Land? Help me sell it!

Of course we want to determine the highest and best use of the property in question.  But there are so many questions to be asked!  Does the land have access to public utilities?  Who manages those utilities?  Are they onsite?  Which utilities?  How far from the subject property are the water main taps?  Does the water line need to be extended?  Are we are on a well?  Commercial septic?  Private septic?  Ingress and egress?  What will the municipality require?  How is the topography?  Are there wetlands?  What is the current zoning?  What is the tenor of the municipality regarding rezoning?  Special use permit needed?  What are the setbacks?  Do you know about any upcoming road changes?  What is DOT requiring?  Turning lanes?  Road widening?  Traffic signals?  Will you need curb and gutter?  Of course many of these questions are more about the end user developing the land if indeed the highest and best use is to develop it for commercial or residential purposes.  What about the things like the timber?  Is the land being used or leased for agricultural purposes?  Do you own the surface rights only?  Do you own all of the mineral rights?  Is any of the land in a floodplain?  Will it perk?  What about the impact of neighboring tracts?  Has anyone done a Phase I environmental study?  Is there rock on the land?  Does the property need to be annexed? Are there cemeteries on the land?  Are they of historical significance?  Is there historical significance of any kind on the property?  Easements and right of ways – have any been granted?

Topo

We recently sold and closed on a tract of land that experienced a delay in the process due to the fact that there was a small old (barely can find it) cemetery on the property.  When the state took a look they recommended that the state historical and anthropology department take a closer look.  For the next 30 days, while the Seller and Buyer waited anxiously, the anthropologists worked the soil to determine if there was additional historical significance.  Thankfully for us, we are now closed.  It is the unexpected contingencies that can cause stress if the buyer or seller are not prepared in advance.

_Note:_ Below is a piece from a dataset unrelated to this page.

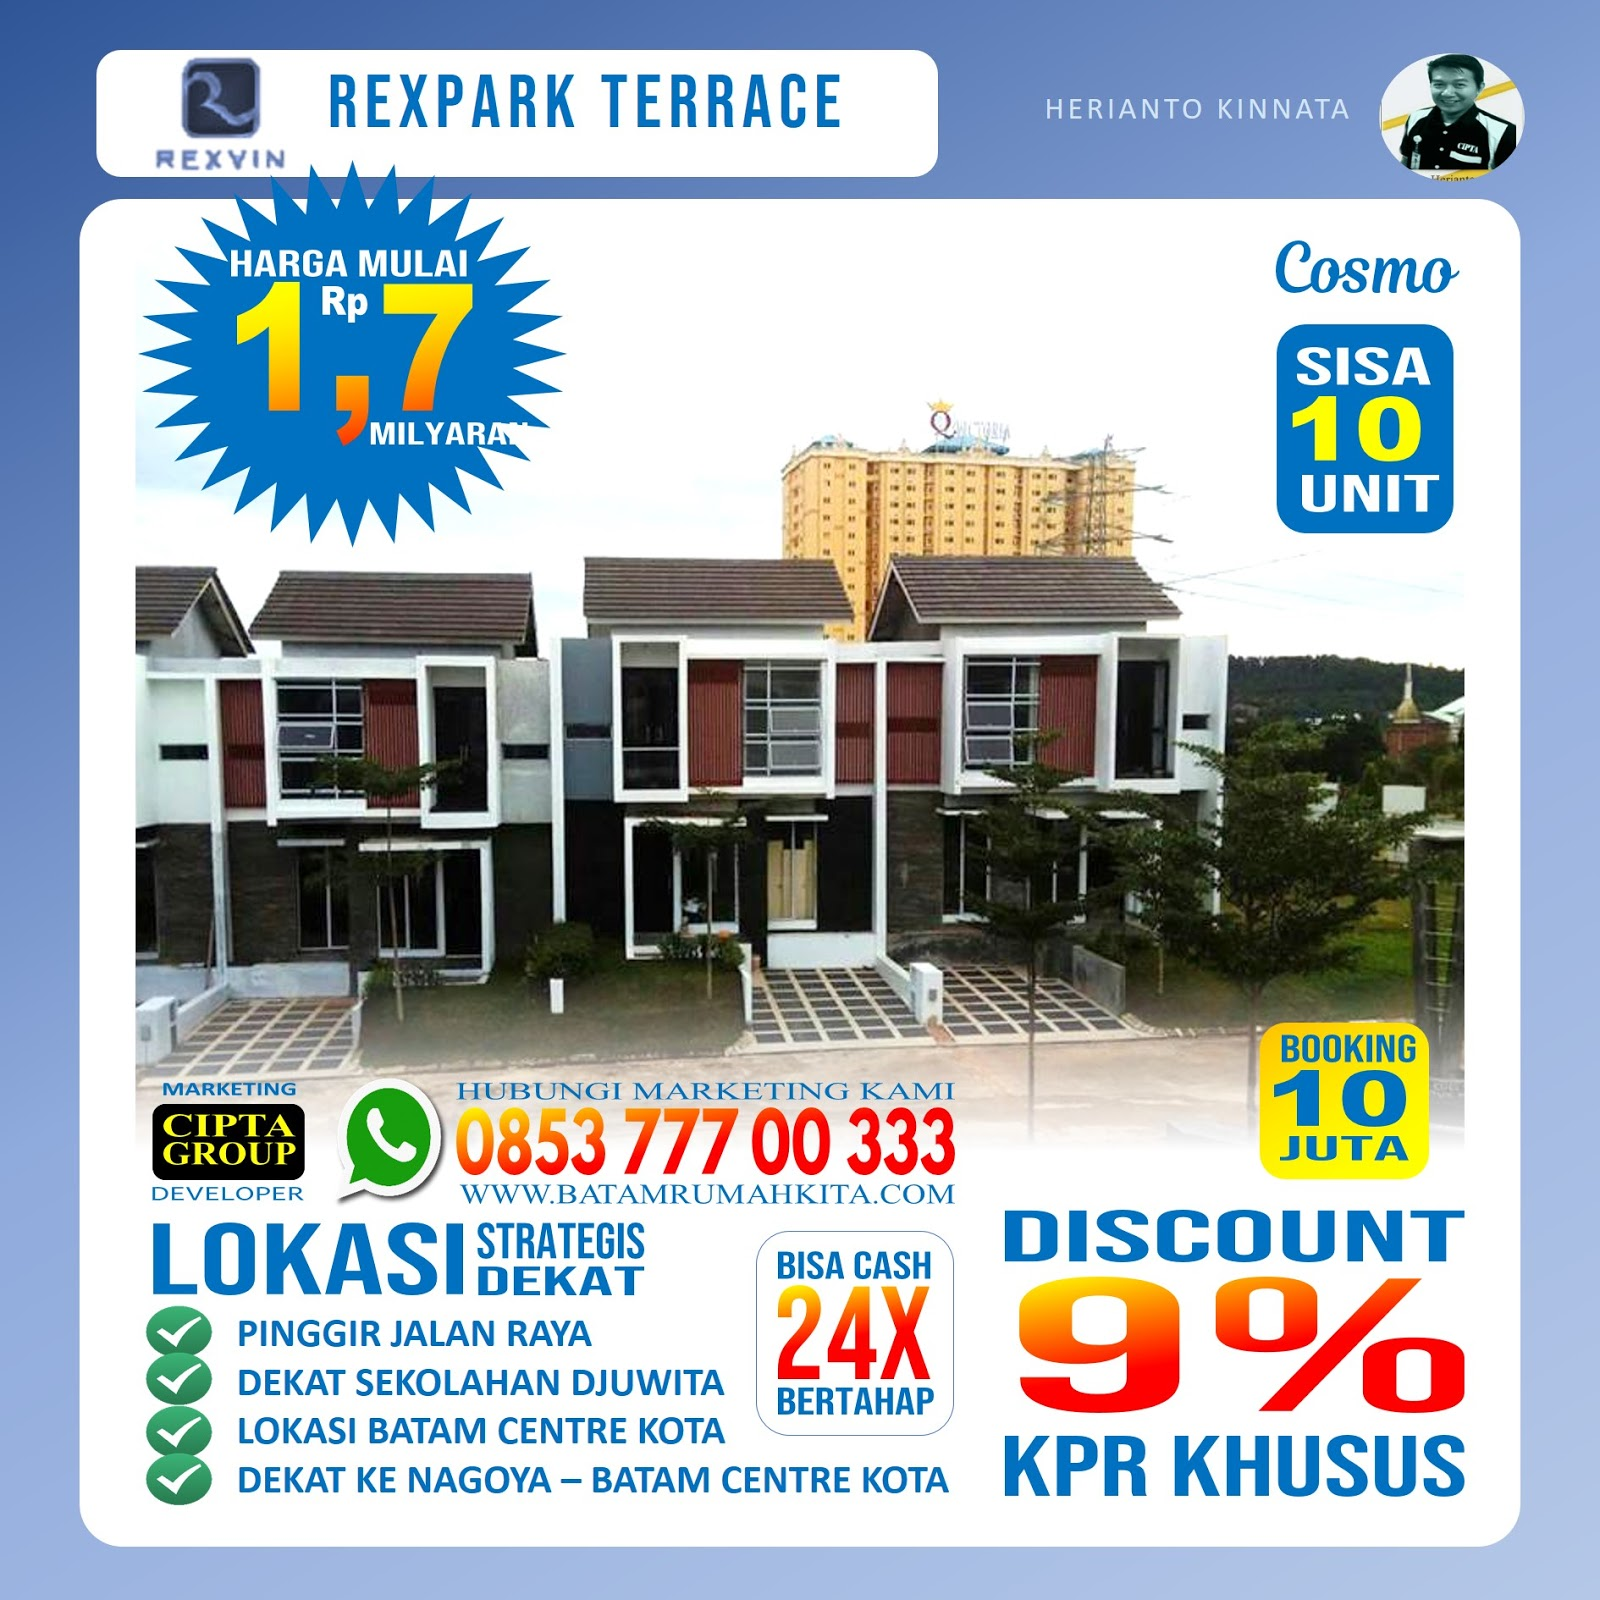 Perumahan Rexpark Terrace - Type cosmo -2
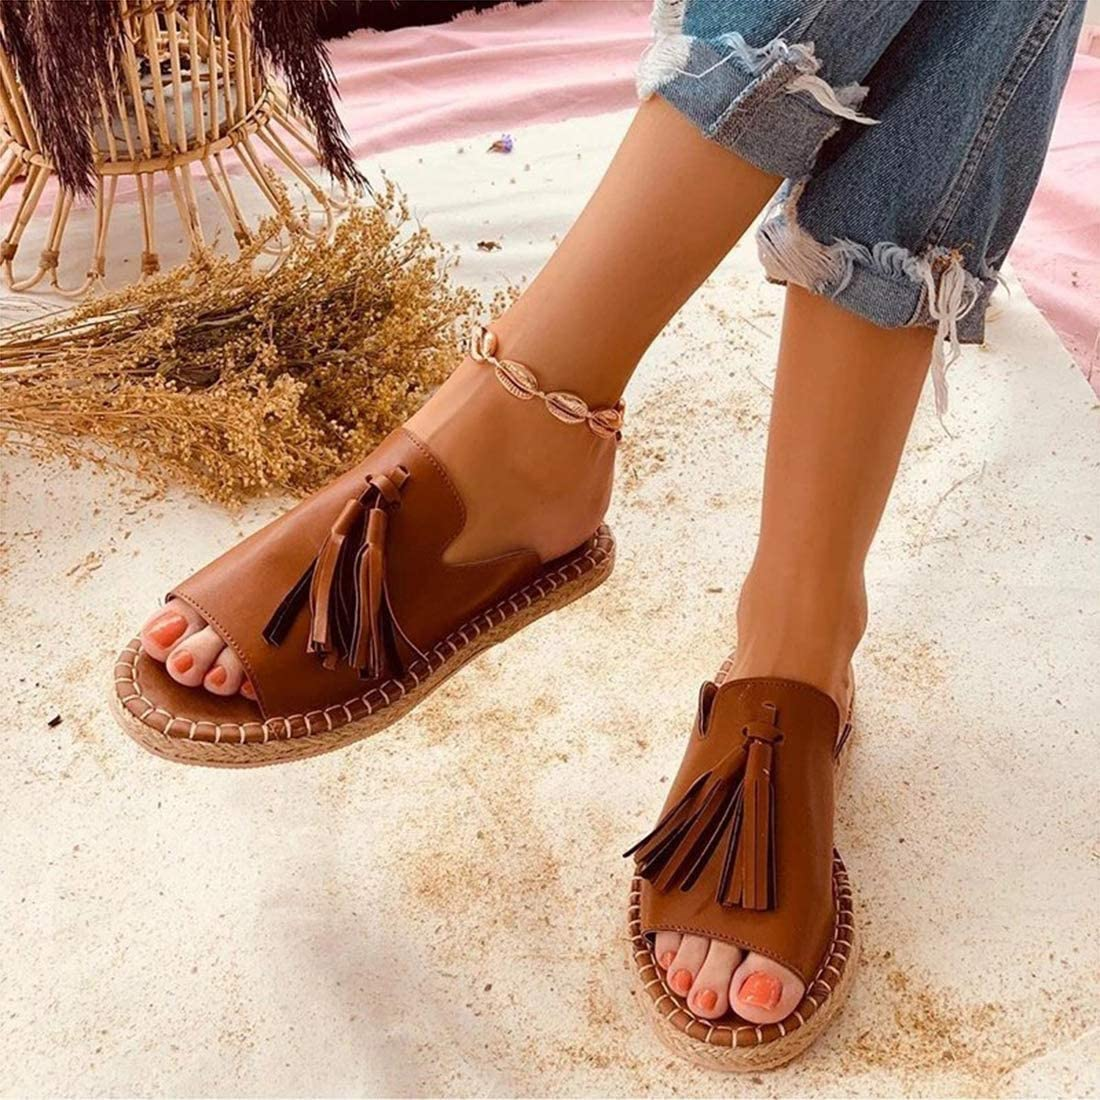 Sandals for Women Platform Tassel Leather Sandal Canvas Espadrille Suede Strap Buckle Slide Mules Heeled Ladies Beach Non Slip Espadrilles,Brown,41

Do not be blown away by Big Brokerages and/or Big Named agents.  While they may be the answer you are looking for and be a great fit, they may not be?  Ask them about the things above.  Ask them if they have ever sold any land and how those transactions went.  Ask them about the various contingencies that may present themselves.  The pint here is.  Find someone that will put the time in to “walk the land” and get to know it.  Someone that will help identify the various Highest and Best Uses.  Find someone with “reach” to investors and and users alike.  Someone that wants to list AND sell your property.  Not just list it.

Mineral Rights

Mineral Rights versus Surface Rights

If you have commercial real estate needs, please contact our team here at Kima Commercial @ KW Commercial.  Our team is ready to assist you in the pursuit of your real estate needs.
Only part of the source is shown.